The shades were drawn most of the time I was there, and occasionally I'd suggest letting in a little light, but both John and I knew Mabel liked her surroundings a certain way. He had a wit about him that the disease couldn't fully take away, and would joke while demonstrating his new recliner's ability to lift him to a standing position.

Though I liked John, those were long hours. I comforted myself in the fact that I was helping Mabel and providing John with a welcome distraction. But I also couldn't wait to be done; the room was dark, the silences long, and I'm not naturally at ease with the elderly. It didn't help that our two years in Florida were already a long stretch of uncomfortable events, culminating, finally, in a move to Iowa.

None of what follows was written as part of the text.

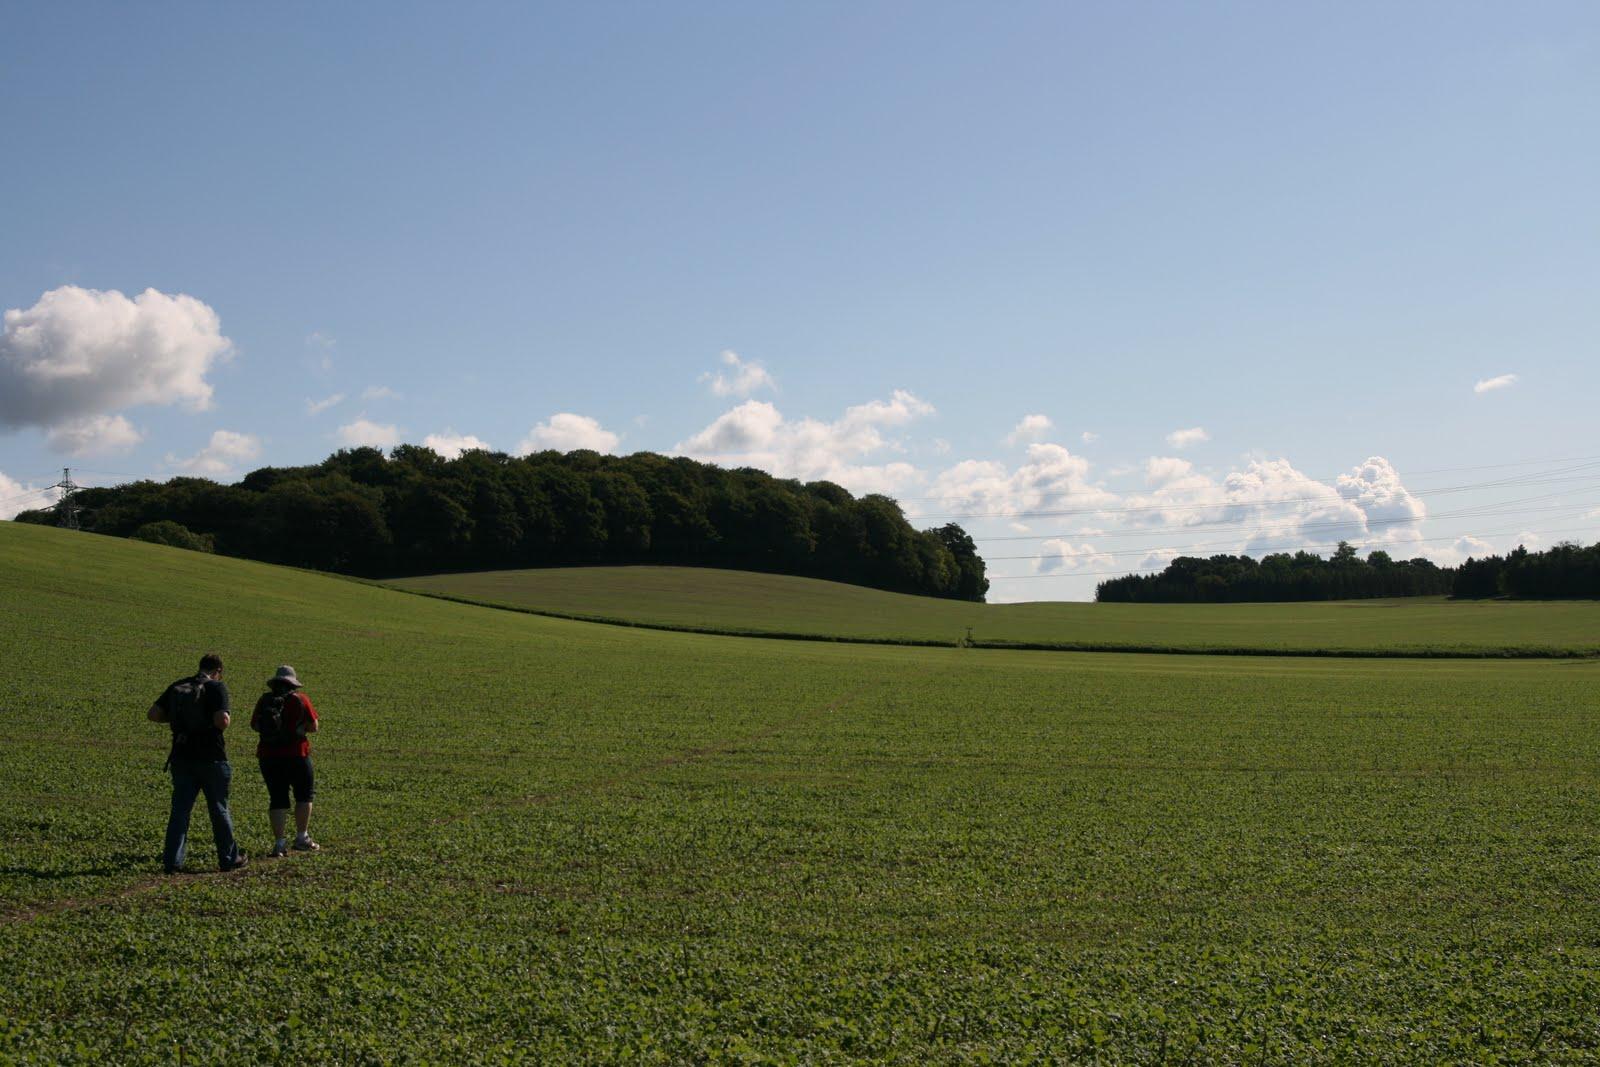 1008 067 Alton Circular, Hampshire, England Across the harvested fields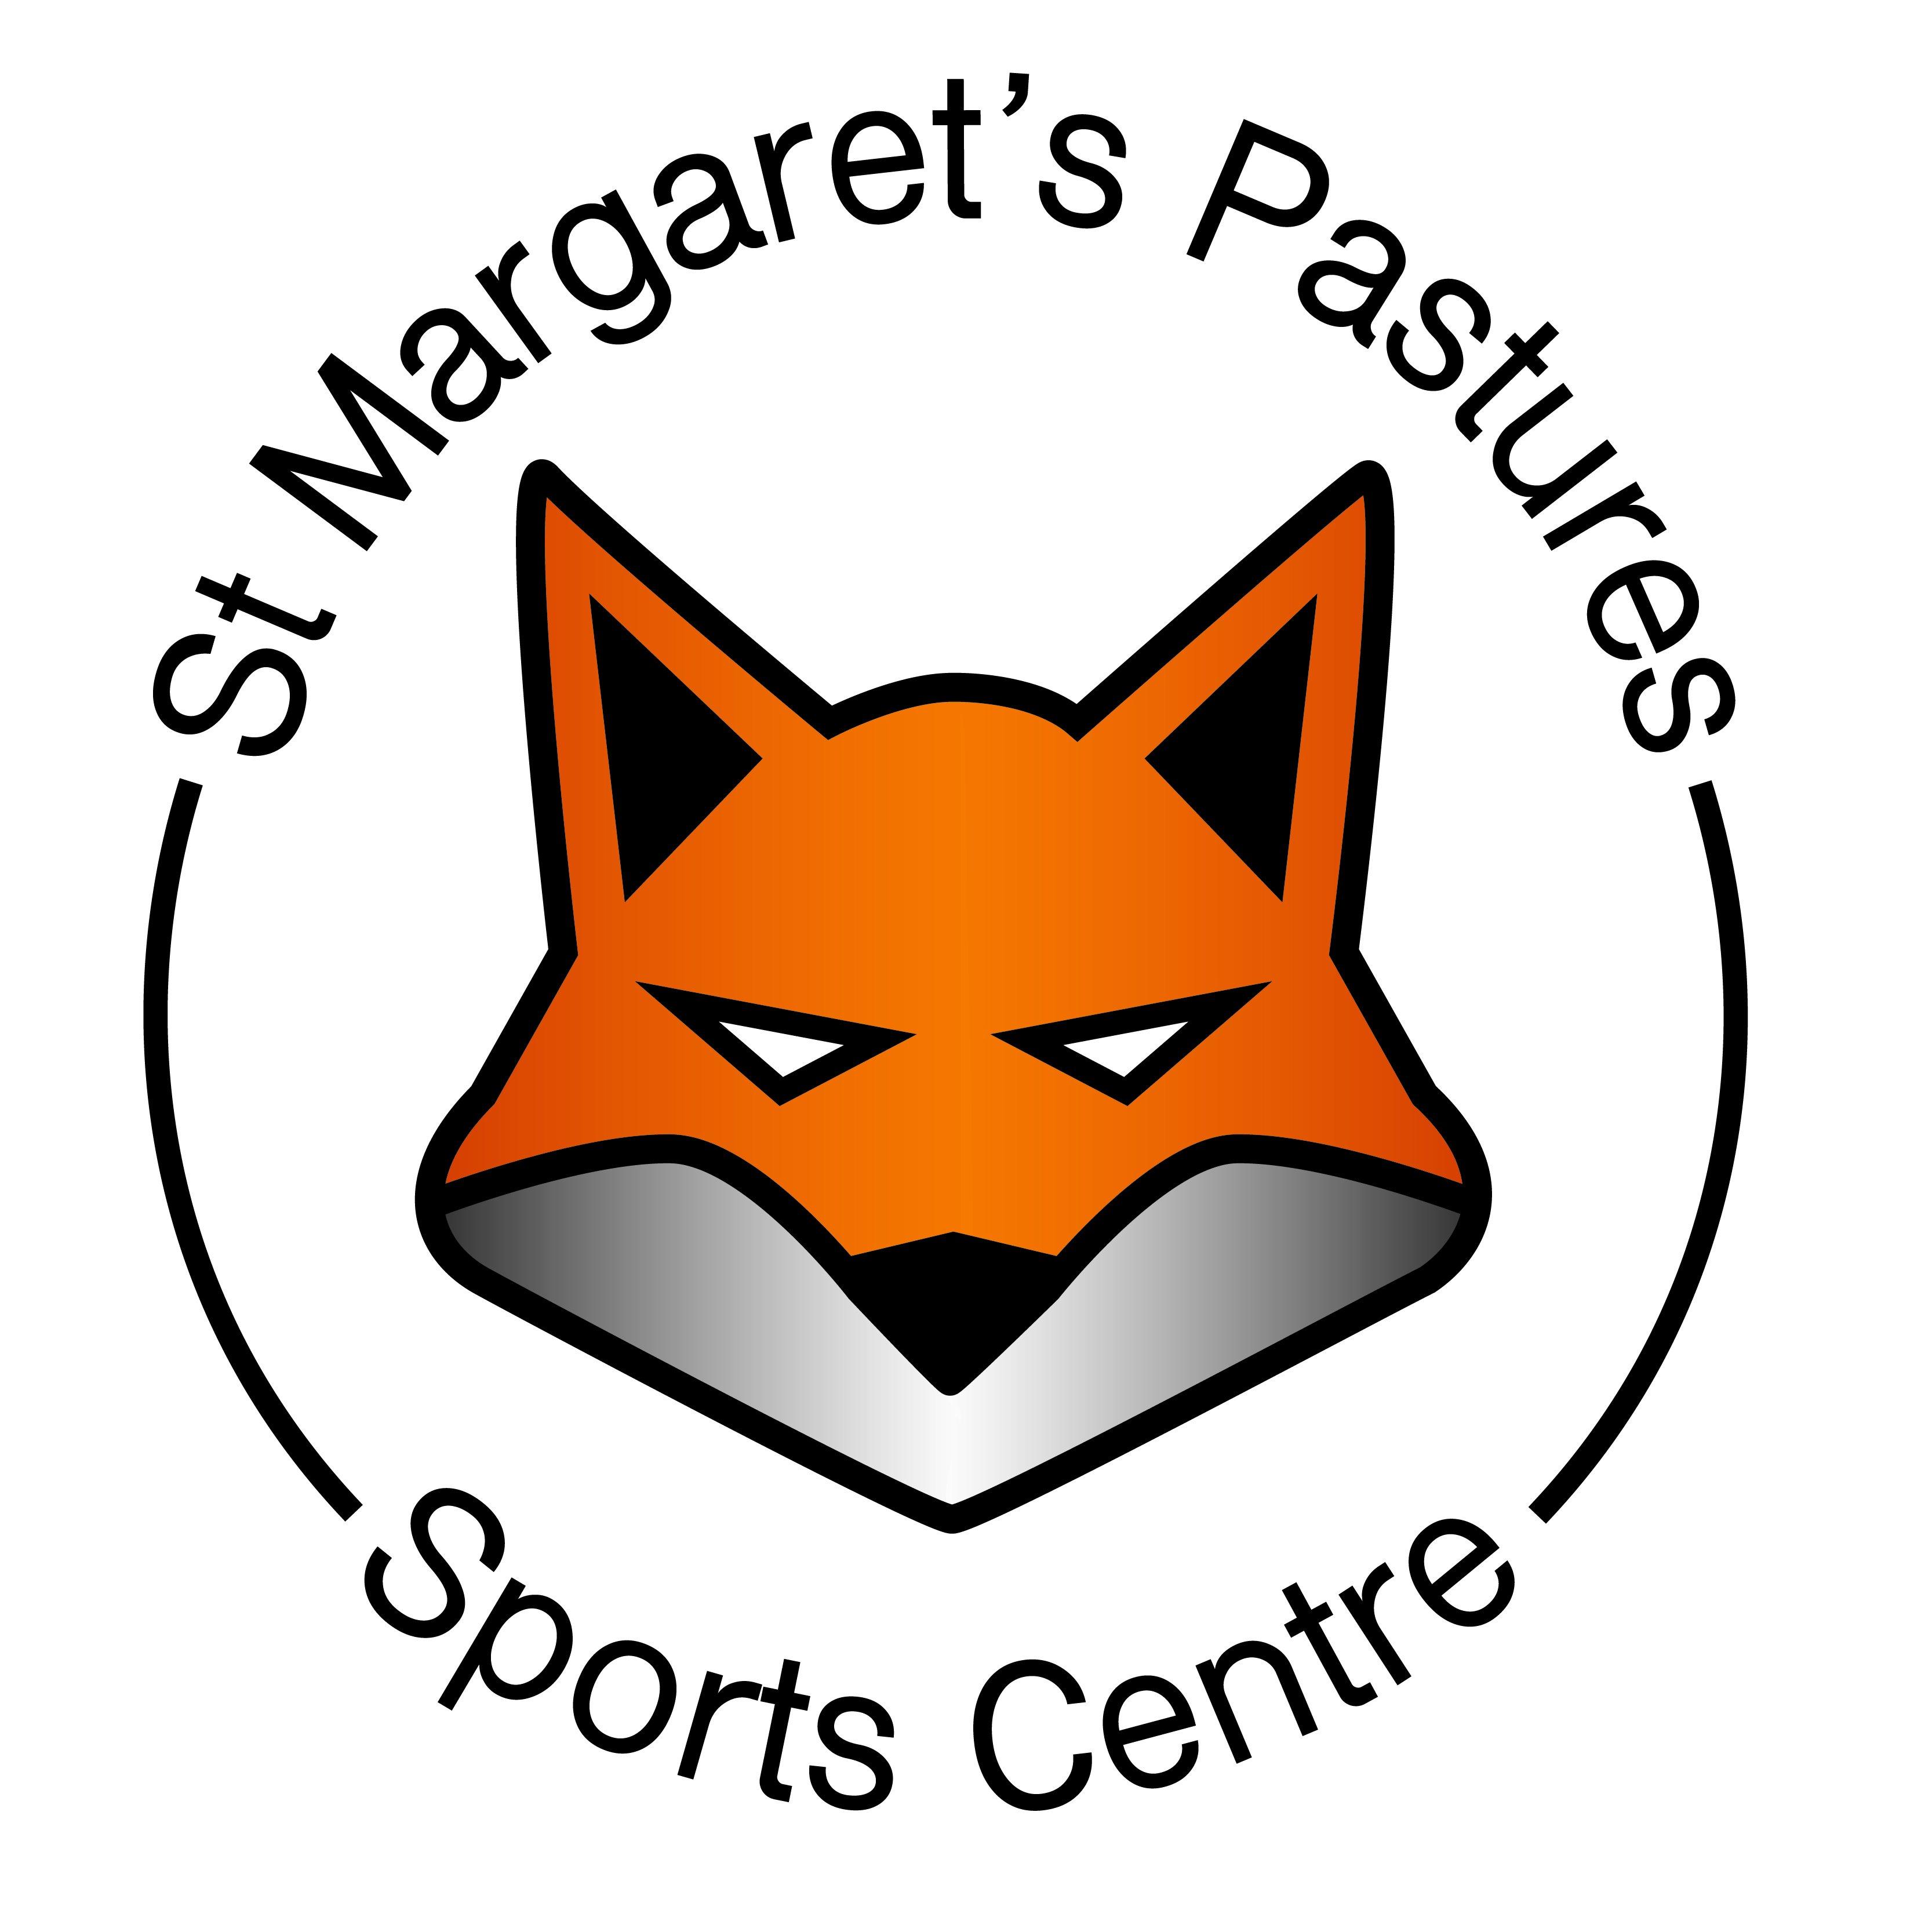 St Margaret's Pastures Sport Centre

There's helping people, and there's thriving as yourself. When the two can meet, the approach is holistic, better, best. After sitting with John I still made some wrong moves in my efforts to help others--teaching a cooking class to young city kids comes to mind first--but I started looking for ways my talents and abilities could mesh with others' needs, rather than make that common mistake: thinking that helping had to hurt, had to be a sacrifice.

Last week I began as a volunteer mentor at my boxing gym. Not all the kids stay to box and neither do most of the mentors, as it's a separate program. But I like that it's housed there, and that I can give back to the place that has welcomed me and taught me so much. The nine-year-old girl I'm paired up with is a sweetie, but there are some tough kids in the mentoring program, some still without a mentor. I felt like I was adopting when J ran to me upon the announcement; she'd been waiting a while.

After we finished, I changed clothes and wrapped my hands. Some of the tougher girls, I saw, were watching me with new eyes: no longer was I just some white woman smiling her way through a volunteer session; I was here to sweat it out alongside the others (and punch one of the other mentors).

Mentoring is just an hour one day a week, and it's a lot easier than my work in the homeless shelter. But finally, a comfortable fit, a match. Surely, as with all volunteering, J will give back as much as I give her; but for starters, I can give thanks that all is in order on my end.

Even more organic a match is the scene four nights a week at the boxing gym: a group of mostly African-American men guiding a group of mostly African-American boys. Eight hours or more a week. Their devotion to boxing meets the boys right where they are, and allows them a natural mentoring role. This isn't part of the mentoring program I mentioned above, and I'd guess most of these men are unpaid. I love catching moments between them that have everything to do with boxing and nothing at all.

These men are in their corner because they want to be, and the young guys know it. That's how it should be.